"A knockdown, drag-out fight"

Harry Reid says the tenor of the coming Supreme Court confirmation process is the hands of the president. He's only half right.

Published July 8, 2005 8:53PM (EDT)

Senate Minority Leader Harry Reid says that George W. Bush can control the Supreme Court confirmation process to come. If he selects an extremist nominee, there will be a battle. If he doesn't, there won't be. "As to whether or not there's a knockdown, drag-out fight on this is up to the president," Reid said on a trip to Las Vegas Thursday.

But that's only half right. While the kind of nominee -- or nominees -- Bush names will surely shape the debate that follows, the thing has already become a "knockdown, drag-out fight." On the day Sandra Day O'Connor announced her resignation, MoveOn launched an ad connecting the dots between Bush's Supreme Court pick and his ill-fated intervention in the Terri Schiavo case. A week before that -- which is to say, even before O'Connor made her announcement -- the right's Progress for America was up with ads warning that Democrats were "hungry to smear" any nominee who didn't fit "their left-wing, extreme litmus test."

The airwaves are the early battleground, but the fight will move to the Senate soon enough -- and in some sense, it already has.
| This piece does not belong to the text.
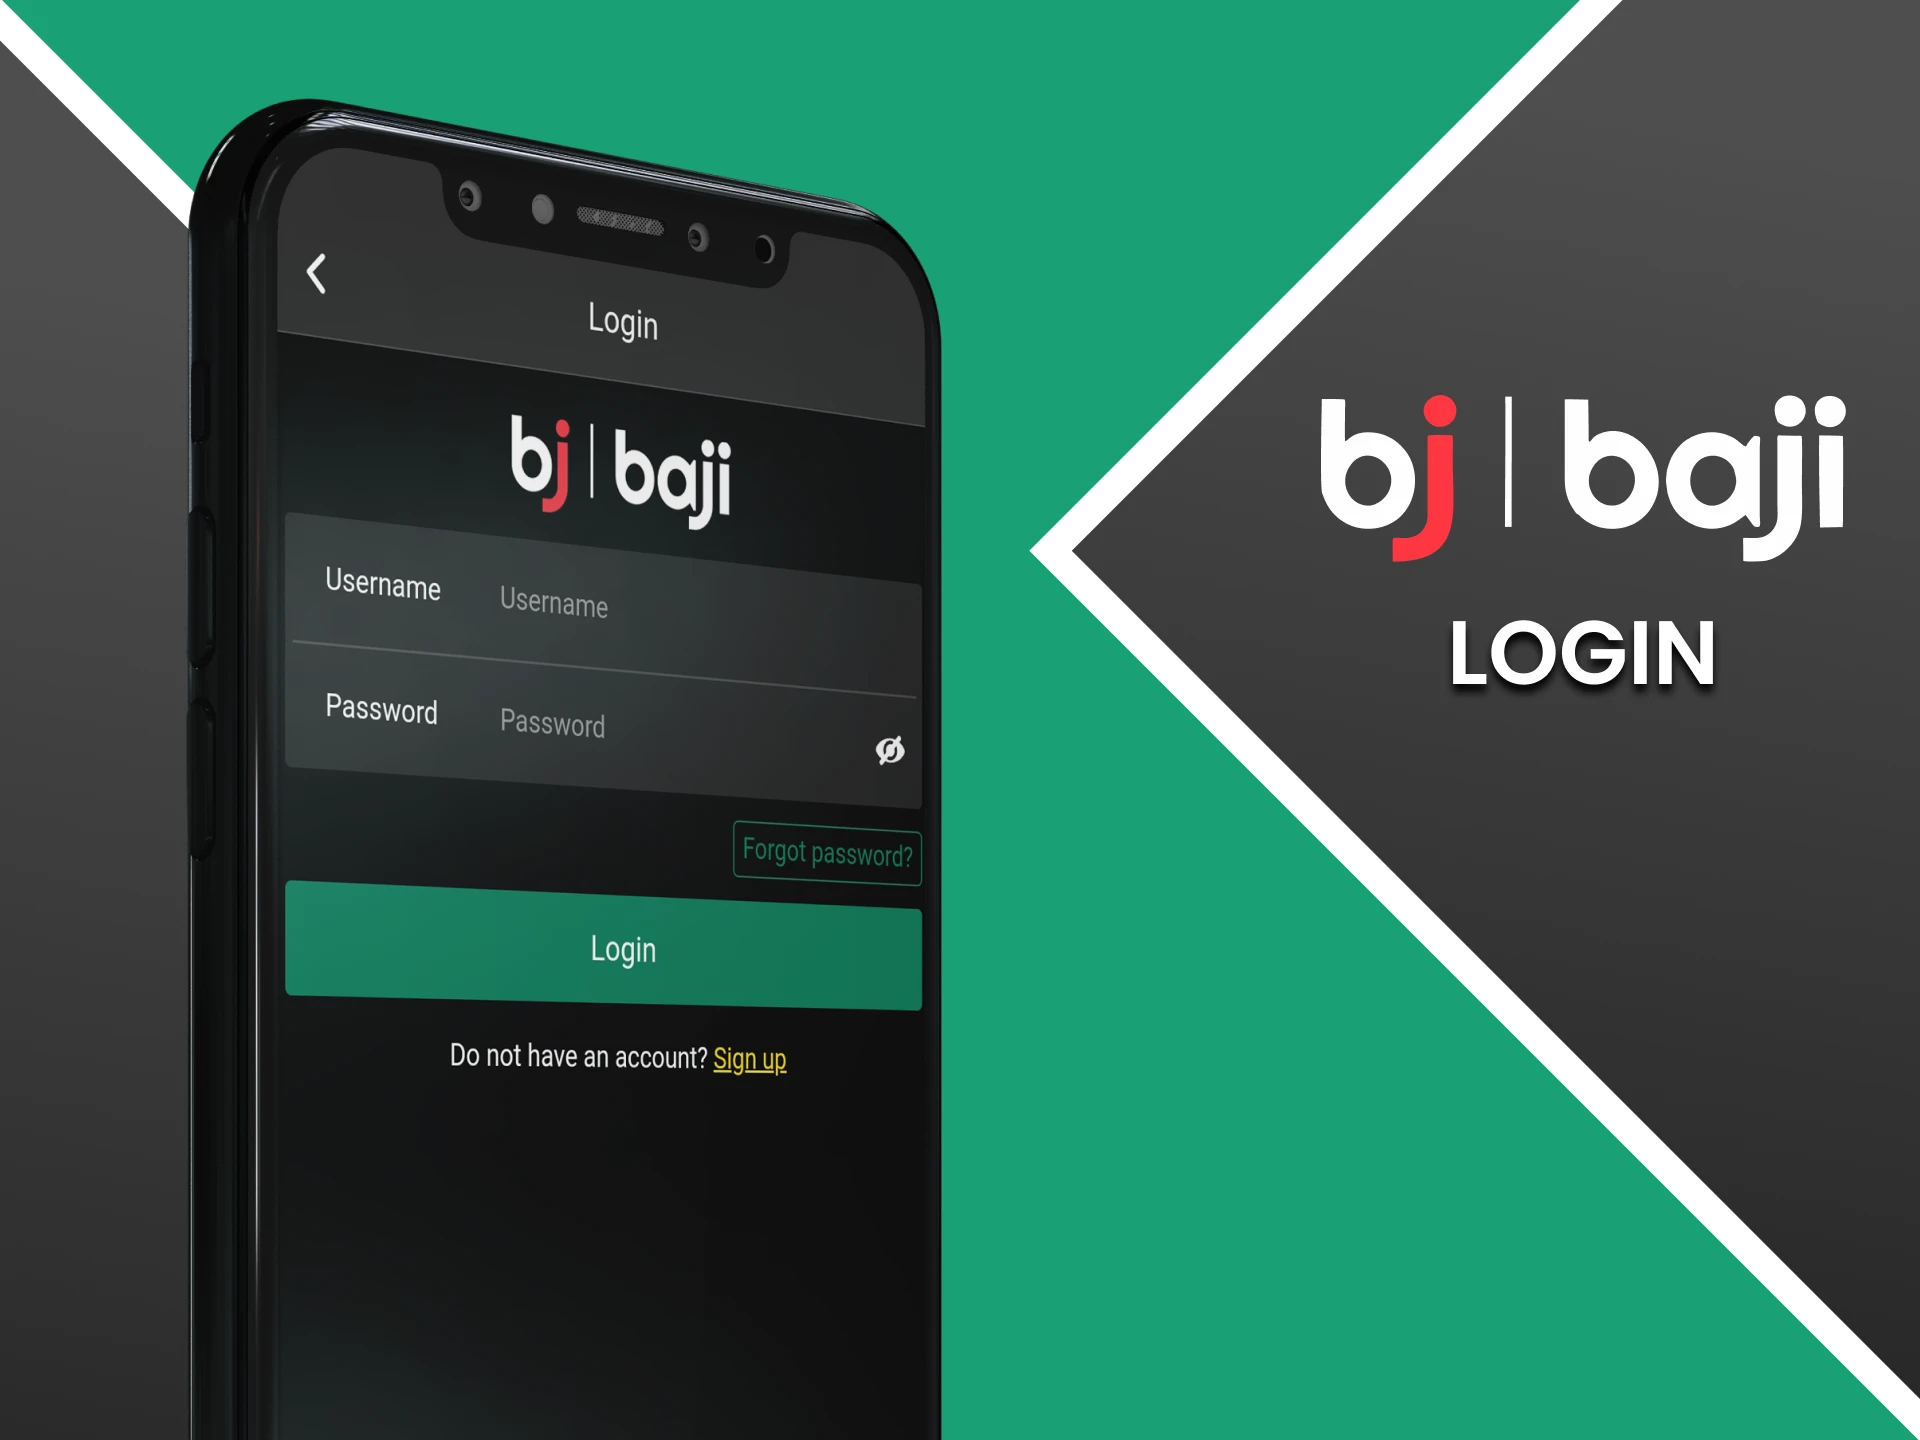 Instructions on how to Baji app login. Follow the instructions below to access the gaming platform.

The Family Research Council began airing a radio ad today in which it calls on Sens. Chuck Schumer and Edward Kennedy to recuse themselves from the confirmation process on the grounds that they've made up their minds already. "If a judge ruled in a case before hearing any of the evidence, she wouldn't be much of a judge," the ad says. FRC's Tony Perkins says he's outraged by Matt Drudge's report that Schumer was overheard on a cell phone saying that he was preparing to "go to war" over the Supreme Court. "It seems, from the overheard phone call reported by the Drudge Report, that Sen. Schumer's ultimate goal is to fulfill his own personal political agenda and refute any nominee who doesn't live up to his specified litmus test," Perkins says in a post on FRC's Web site. "Legislating from the bench is Sen. Schumer's objective. He will do whatever it takes, regardless of who the president nominates, to disrupt the judicial process."

Bush and Reid are still talking about a "consultative" process that will lead to a "dignified" proceedings in the Senate. But with the well so thoroughly poisoned already, the odds that events will actually play out that way seem awfully long from here.


By Tim Grieve

Tim Grieve is a senior writer and the author of Salon's War Room blog.